Roaring trade in often smuggled charity castoffs in African street markets risks ruining domestic textile industries
As a boy growing up in Sierra Leone, Kemoh Bah prized his Michael Jackson T-shirt. «I was the only one who had this kind of T-shirt in my village, and I felt like I was part of American culture,» said Bah, dressed head-to-toe in clothes emblazoned with logos outside his roadside secondhand clothes shack in the capital, Freetown.
Nicknamed «junks» in Sierra Leone, hand-me-downs account for the majority of outfits in a country where seven out of 10 people live on less than $2 a day. The industry has ballooned to $1bn in Africa since 1990. And yet the combination of western charity and African brand enthusiasm is not always a force for good. Quite apart from the ethical issue of donated goods becoming tradeable commodities on which middlemen can turn a profit, there is the threat to local textile markets to consider.

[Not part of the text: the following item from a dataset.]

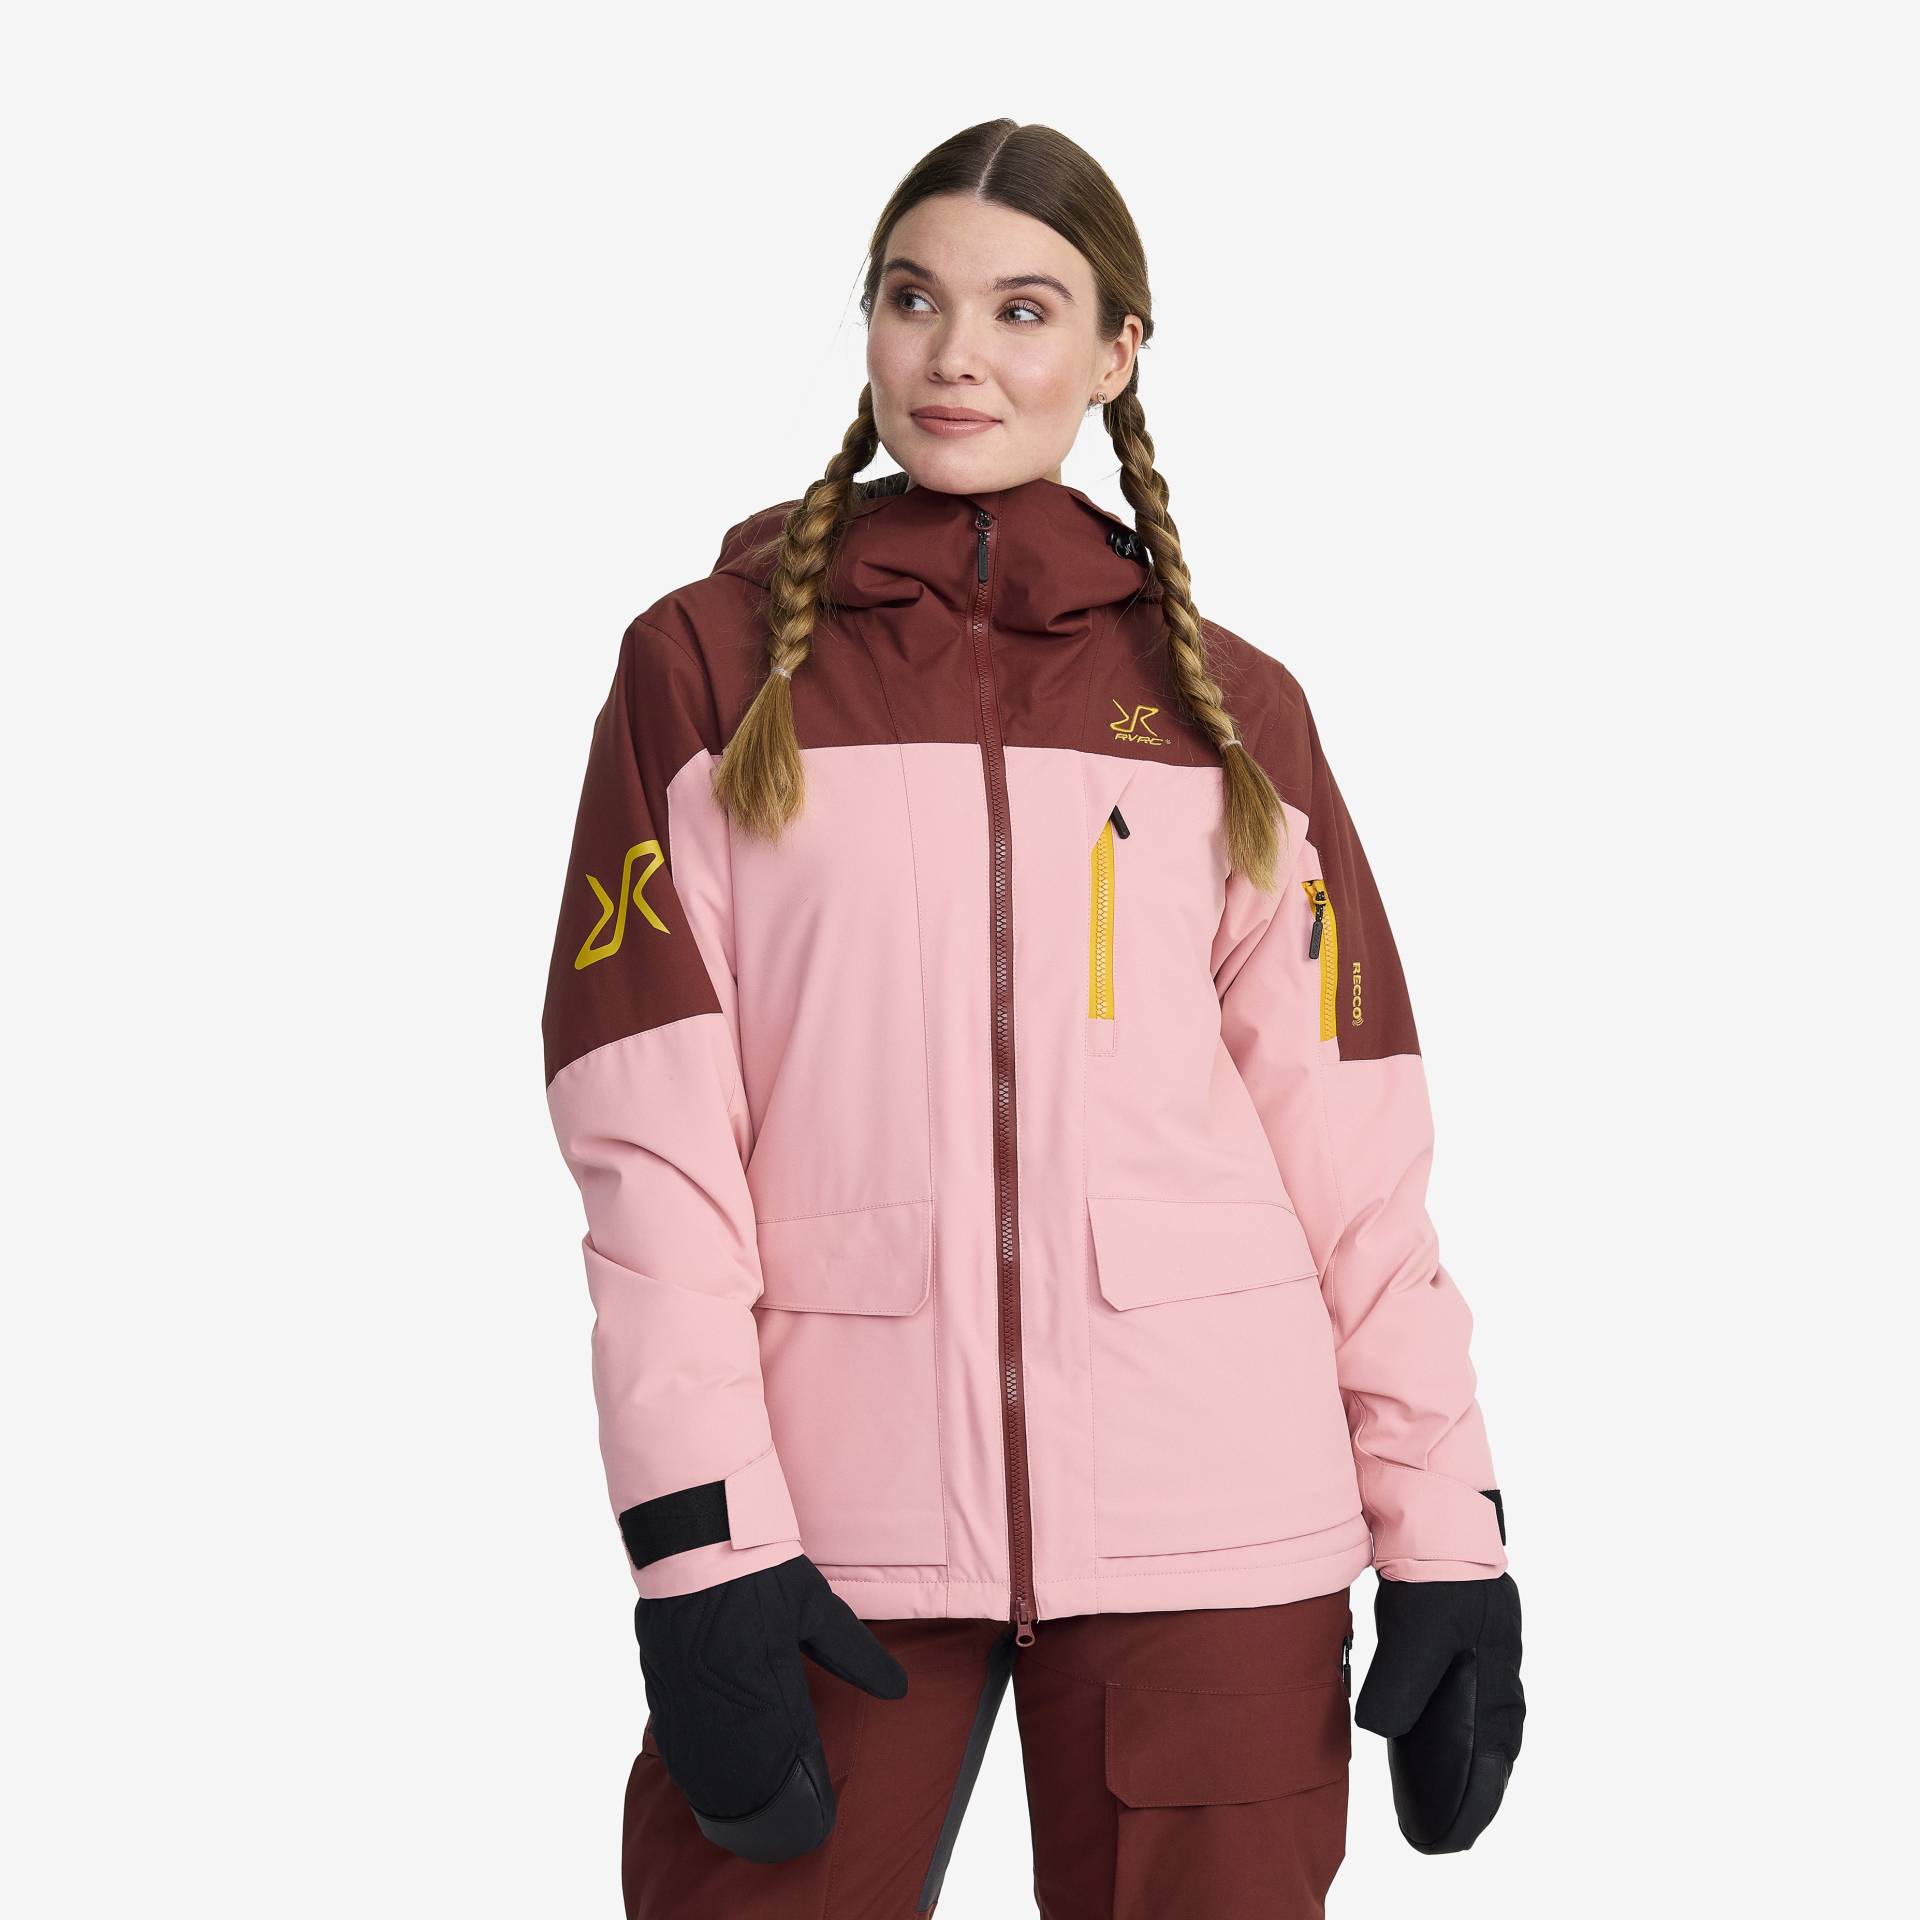 Halo 2L Insulated Ski Jacket Damen Blush, Größe:L - Skijacken von RevolutionRace

About a third of globally donated clothes make their way via wholesale rag houses to sub-Saharan Africa, where they end up lining the streets or filling small boutiques. Hawkers say Christmas time, when westerners flock to offload clothes to charity shops, brings in the biggest bales. The lucrative industry has even spawned fake charity clothes collectors in the west.
But critics say the billion-dollar trade risks swamping fragile domestic textiles markets, and 12 countries in Africa are among 31 globally that have now banned their import.